OS性能の低いオイラは仕事が回らず、他の支店の同期達に相談すると、「自分が仕事をいっぱい抱えているときは理由を言って断るよ」、「そういう時は先輩にやってもらうよ」と、今考えれば当たり前のアドバイスをしてくれたのだが、当時のオイラはそれが出来なかった。

「来るもの(=仕事)は拒まず」「苦労は買ってでもしろ」という、ゴルフ部で身に着けた「努力に勝る天才はなし」を地で行く人間になってしまっていた。1000本ノックには1000本打ち返す心構えで戦っていた。しかしある日1本のノックを後逸してしまう。

そして処理できなかったボール(=仕事)を机の中に抱えたまま放置していた時に行内検査が入った。当然検査官にその不備を指摘され、支店の評価が下がってしまった。支店長に怒られ、副支店長にねちっこく言われ、課長に人間以下の扱いをされ、会社に行くのが嫌で嫌で仕方なかった。

それでもそういう時こそ前を向くのが心情だったため、その後も続く熾烈極まりない1000本以上ノック(←パワーアップ)を毎日顔面で受け続ける。それでも絶対に泣き言は言わなかった。それでもなお、この我慢強さが時に、銀行員として致命的なミスを招くということを理解していなかったのだ。

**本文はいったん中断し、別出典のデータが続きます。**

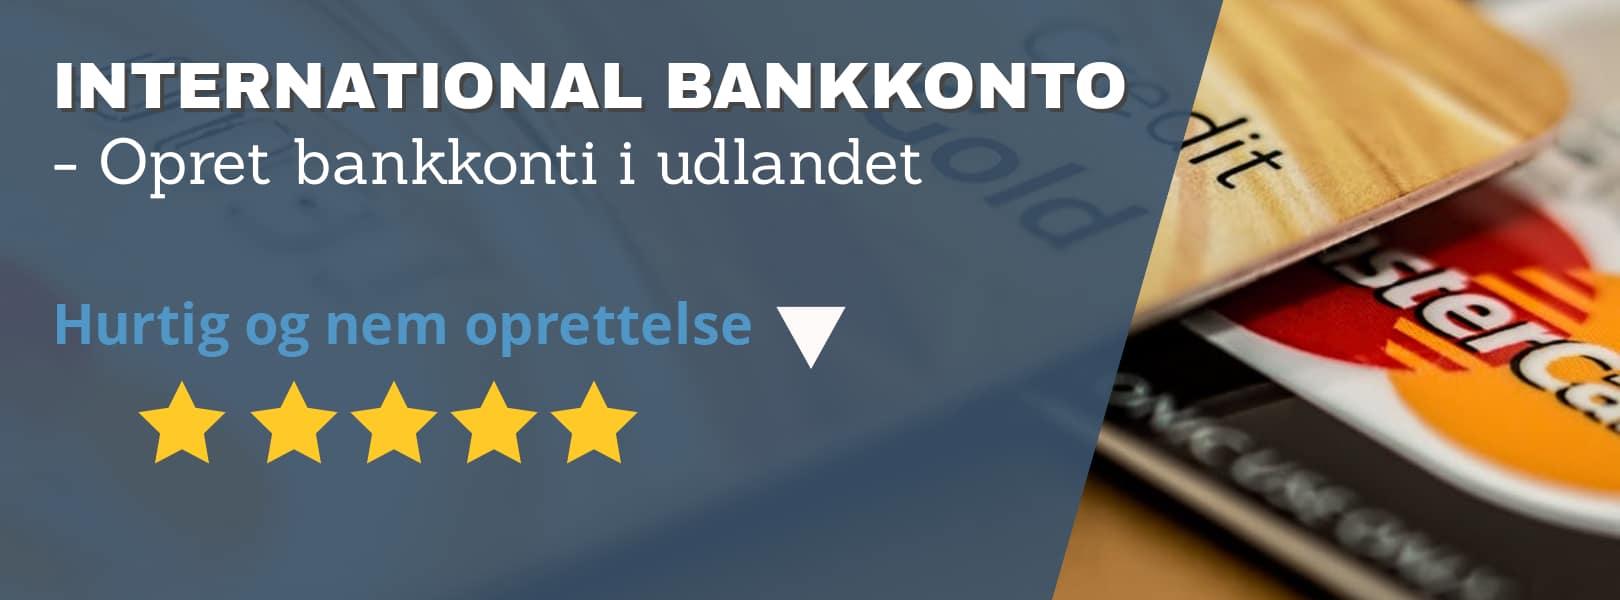 international bankkonto

悲惨な状態が半年続いた。支店内での立場は改善しなかった。職場でノック、飲み屋でノック、週末は宿題。。。正直辞めようかと思い、とうとう大学ゴルフOBで私を銀行に誘ってくれた人に相談する。すると「オマエさ、今自分が抱えている仕事をメモとかしてるか?」と言われ、「当然それくらいしてますよ。」と答える。

すると先輩は続けて、「じゃ~お前の一日の仕事を言ってみろよ。」 オイラ「課長の宿題やって、代理の宿題やって、先輩たちのパシリやって、支店の人たちの飲み会企画して、二次会も手配して、自分の担当先の処理もして、集金して、支店の掃除をして、タバコの吸い殻を片付けて、、、、、」とルーティーンを全部言った。

先輩は「あれっ、オマエ、支店でトイレいかないの?昼飯も喰わないの?タバコも1本も吸わないのか?それもこれも含めてすべて1日の【やることリストに書いておけ】」と強く言われた。これが【ガーン】と来たね。あきれたんじゃなくて、「そうかそうすれば良かったんだ!」

すべてメモを書く。終わったら消し込む。だから自分のノートは毎日真っ黒。でも消込線が増えるとジョブが処理された感じがして嬉しい。ジョブの数を減らすのが楽しくなる。そして仕事のプライオリティーの付け方が分かるようになる。

このコツをつかむのに2か月もかからなかった。同時に1000本以上ノックに対して、1000本以上+1本を打ち返せるようになってきた。「なんか仕事あったらやりますよ!」って言うのが気分良かったですね、その時は(笑)

次話は都市銀行支店時代=後半=になるわけですが、後半は一見うまくいっているように見えます。でもここまで読んだ方は理解されていると思いますが、結局オイラは普通のOS(オペレーティングソフト)を搭載したあと、CPUを向上させたのではなく、CPUターボを後付し、強引にジョブを回していただけなんです。これって凄く危険なこと。オイラは今でもこの時にもっと失敗して、本質的なOSとCPUの向上を図るべきだったと後悔している。ようは小手先が(ちょっと)器用になってしまったということ。

CPUターボ: 動画編集などでCPUに処理能力以上の負荷がかかった時に、処理能力を一時的にあげるブースター的なもの。本質的な処理能力ではない。